This song has been writing itself in my head over the past couple days. I really wish I could post the music, too. And that I had a suitable male voice to do Patrick's part so that you could get the harmonies. While I'm dreaming, I might as well wish up a band, as well. No matter. This thing wants to get out, and you folks are the only ones likely to appreciate it, limited as it is.

I wish that my muse could have been dictating the trouble spots in The Illusion of Control, instead, but it doesn't seem to listen much to what I think is important. Is that typical behavior for a muse?

Anyway, I hope you like it.

For Obvious Reasons

Verse 1 (Patrick):

No one knows my brokenness like you do.

No one else can see my wounded heart.

Who else shares my pain and shame and weakness?

Who else understands when we're apart?

And you're right, I have forgotten to be human,

And it's true I deal in tickery and lies,

And I know that I have hurt you and deceived you,

And that it may be too late to realize

chorus:

For obvious reasons it scares me to say

I love you so much, I need you to stay,

And the truth of my feelings just won't go away.

You deserve to know it's true

And it makes me happy saying this to you.

verse 2 (Teresa):

For so long I have yearned to see you healing.

For your honesty I've waited patiently,

And if you can tell the truth of what you're feeling,

Then there may be, still, a little hope for me.

For I hide away my loneliness and longing

Behind walls of anger, stubbornness and pride

So afraid that I'll be hurt, again, too deeply

If I trust the one I love to come inside.

chorus:

For obvious reasons it scares me to say

I love you so much, I've come back to stay,

And the truth of my feelings just won't go away

Yes I feel the same way, too,

And I'm ready, now, to say it back to you.

bridge (both):

And it may because you know me so well

That behind all our secrets it's easy to tell

There's no going back and no running away

Things can't be the same from now on.

And that's okay.

Verse 3:

Patrick: You need never fear that I'd betray you.

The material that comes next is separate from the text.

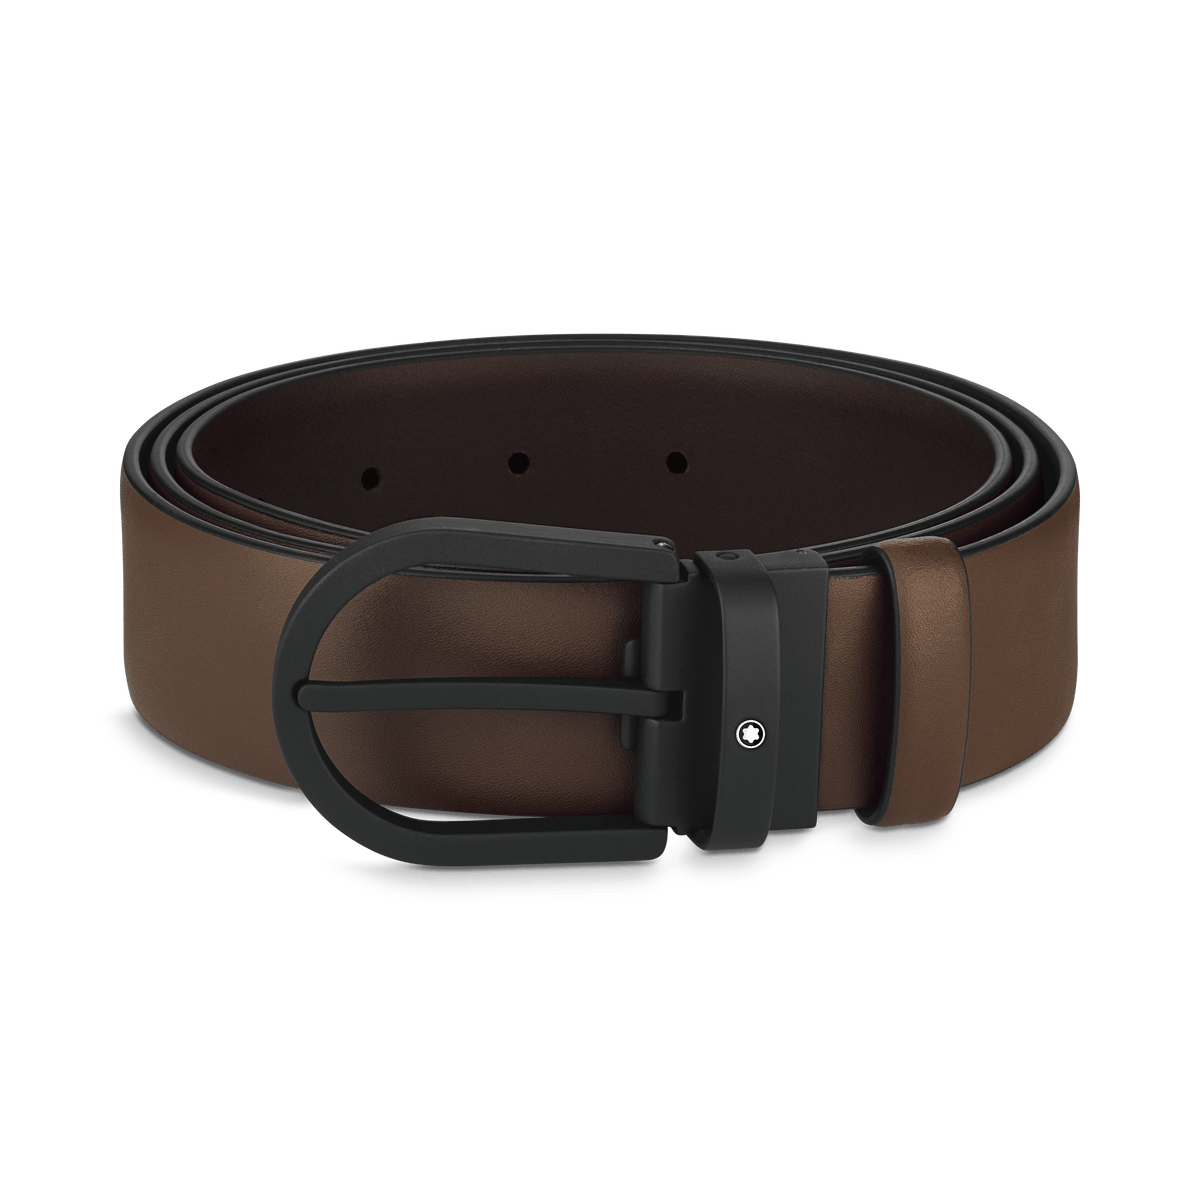 Horseshoe buckle brown 35 mm leather belt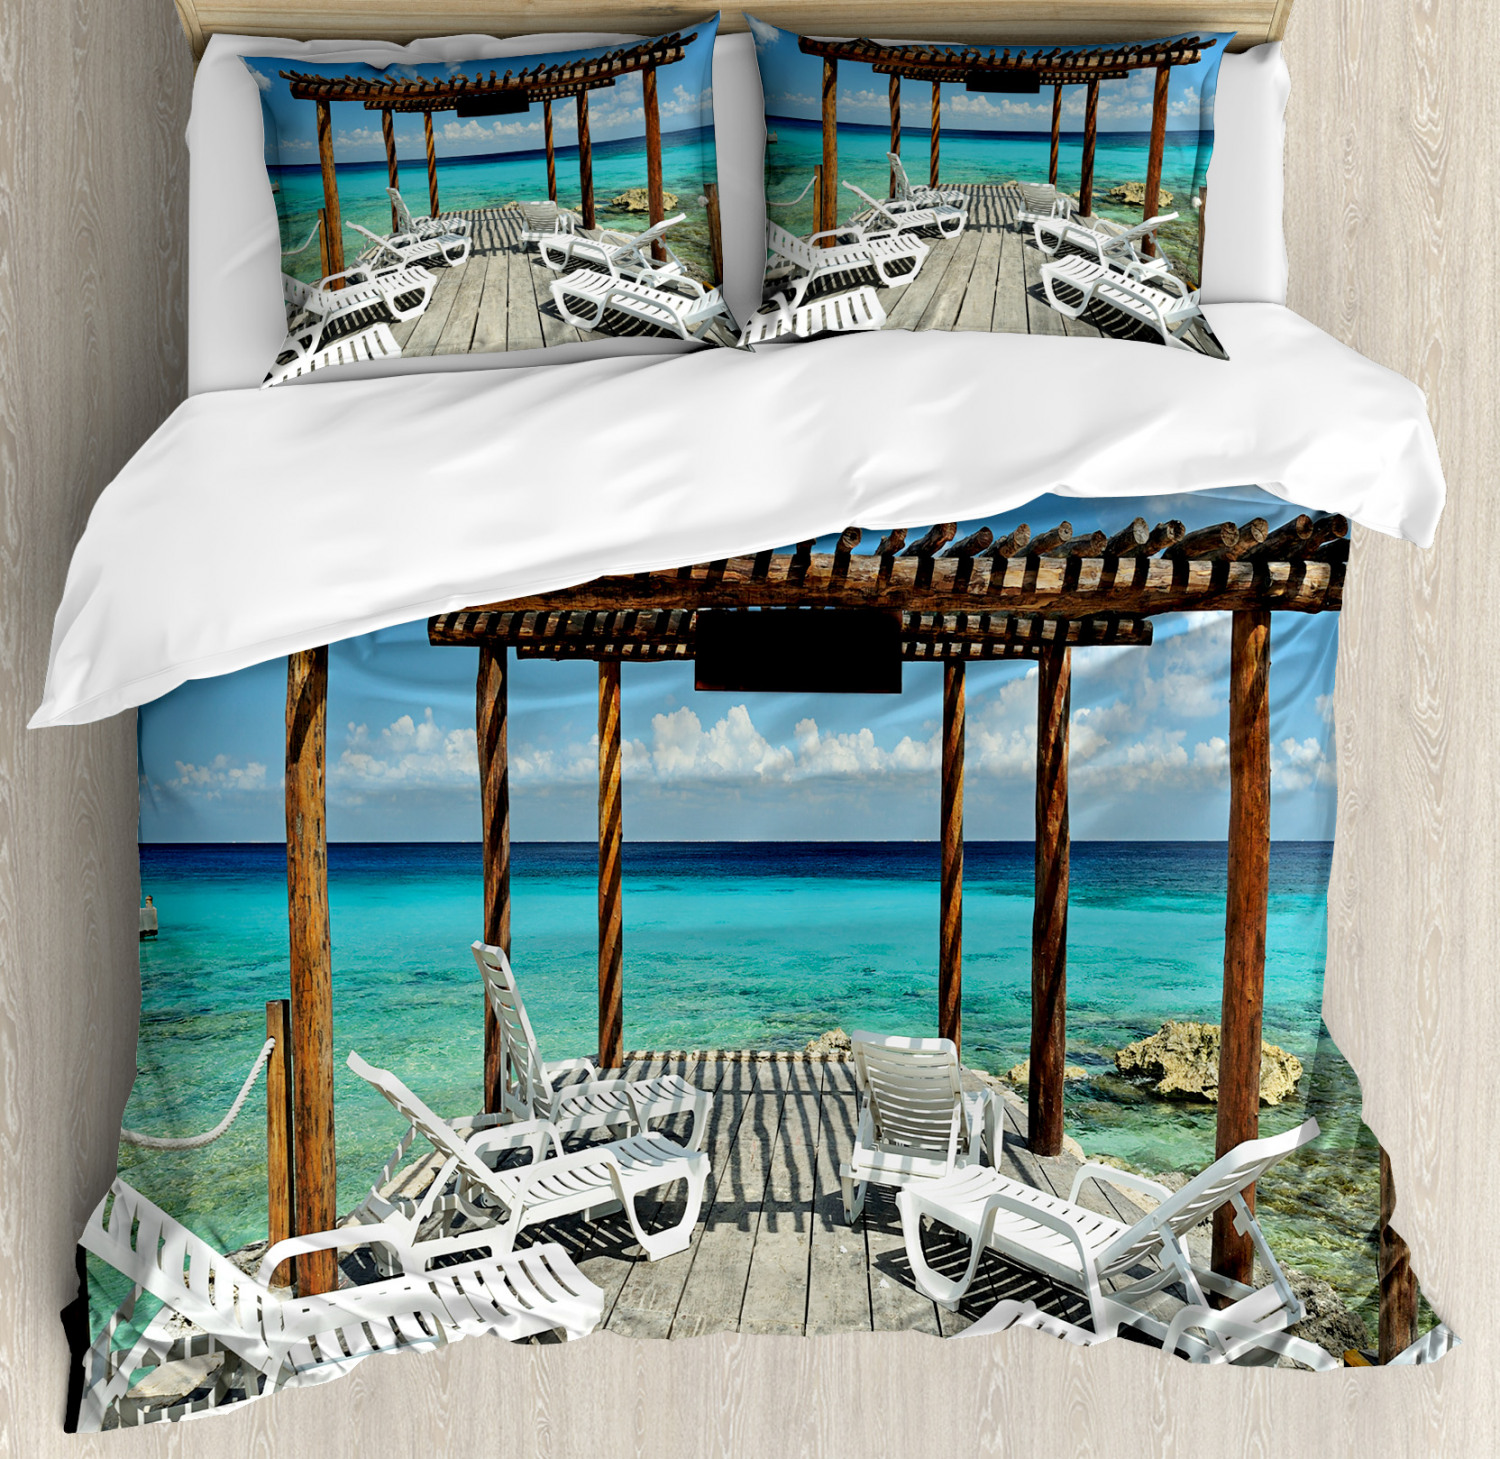 Summer Duvet Cover Set with Pillow Shams Sunbeds SeaSunbeds Print | eBay

Teresa: Trust me, we'll find peace beyond the pain.

Both: We can be the hope and consolation

That we both need to learn to live again.

And although it seems a challenge and a gamble

For two independent hearts like ours to take

Your love is more than worth the risk and trouble

Of facing the regrets we still can't shake.

chorus:

For obvious reasons it's hard to let go

The hurt in our past, but this much we know

That it costs more to hide than to let our love show

So whatever else I do (no matter what I do)

I will face my fears and trust my heart to you.